Even as studies continue to be carried out and hypotheses tested, the Food and Drug Administration has come out and said that they can find no evidence that BPA would pose a danger to humans.
This issue has risen to the fore in recent months and years, with consumer advocates pointing to animal studies that they say showed an increased risk of diabetes, cardiovascular disease, and reproductive issues when animals were exposed to Bisphenol A. The FDA, however, has said that after reviewing studies, they can find nothing that would suggest this damage would carry over to people.
BPA has been used to make plastics and small levels of it may be found in cans and plastic bottles. As a result, trace amounts of BPA can be transferred to food and drink.

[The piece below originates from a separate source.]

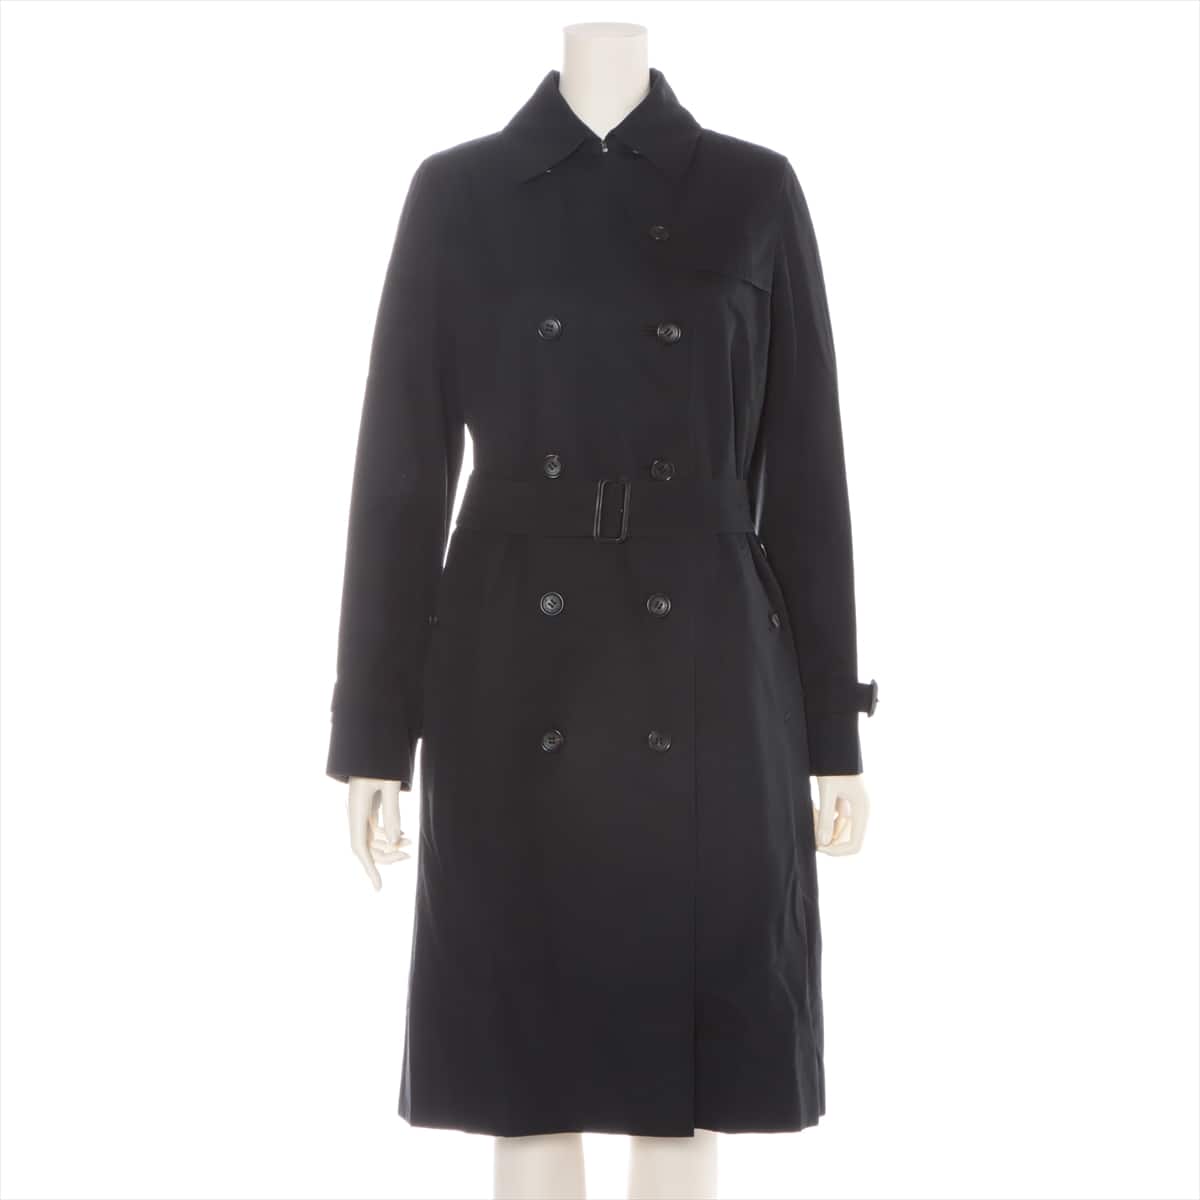 Burberry London Cotton Trench coat 36 Ladies' Black Lined  embroidered initials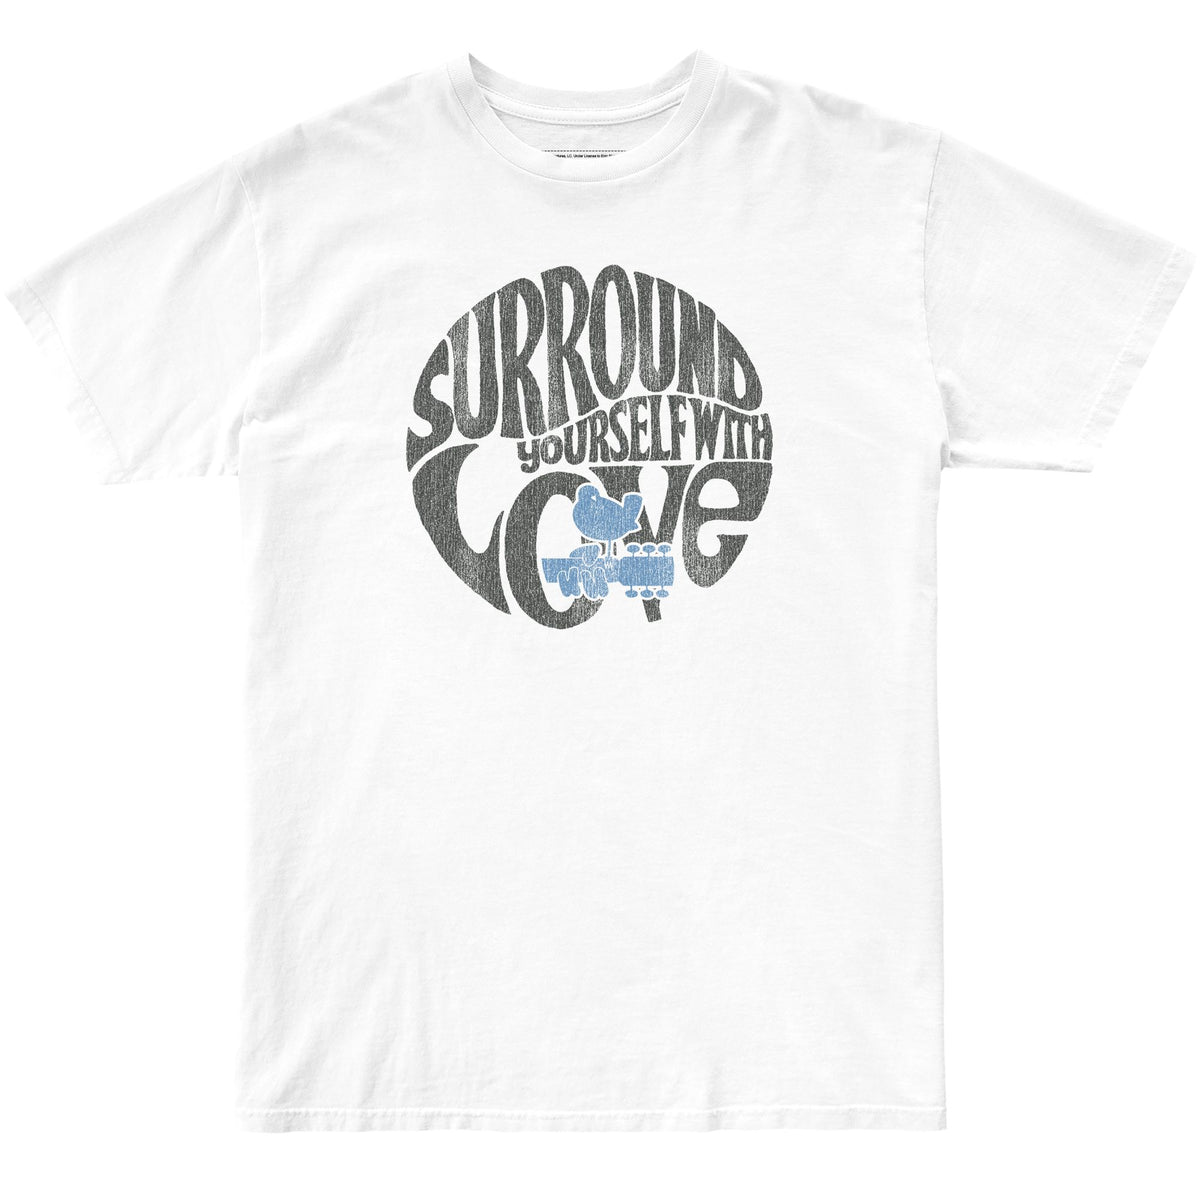 Wooodstock Surround Yourself with Love 100% Cotton Tee

Hundreds of studies have been conducted testing whether this could be dangerous, but the FDA has said they have looked into these studies and concluded that a diet with these trace amounts of BPA would not pose a risk.
The FDA goes even further than that, as a matter of fact, taking to task a previous claim that infants are exposed through an inordinate amount of BPA in their foods. They have instead said that in babies and adults alike, BPA gets metabolized and ejected from the body.
As a personal injury lawyer in Los Angeles, I’ve seen numerous people affected by dangerous chemicals. No matter what the decision is on BPA, I will be paying attention as a San Francisco personal injury lawyer to examinations of all chemicals by the FDA and consumer advocates.
Another recall has been announced, this one potentially affecting that portion of the population that has asthma.
Strong America Ltd., the makers of the Golden Smell brand, has announced the recall of that brand’s six ounce Dried Potato product that comes in plastic packaging. The item was manufactured in China and sold in Massachusetts, New York, and Pennsylvania.
The issue has come about because the item contains sulfites, despite the fact that the label does not say as much. Food inspectors from the New York Department of Agriculture and Markets discovered that the product contains 36 milligrams per serving. This is a danger, as it’s thought that only 10 milligrams of the substance can create a severe reaction in those with asthma. This reaction generally involves anaphylactic shock.
Thankfully, no illnesses have been brought to the attention of the company as of yet. Concerned customers have been advised to return the item to the store from which it was purchased. A full refund will be issued at that time. Consumers are also urged to call the company should they have any questions or concerns.
As a personal injury lawyer in Los Angeles, I know how serious a recall of this nature can be. Although a large swath of the population may not comprehend the danger that the presence of one simple ingredient can pose, those who would be adversely affected by these sulfites certainly understand. It’s my hope as a Riverside personal injury lawyer that no one gets hurt in accordance with this item.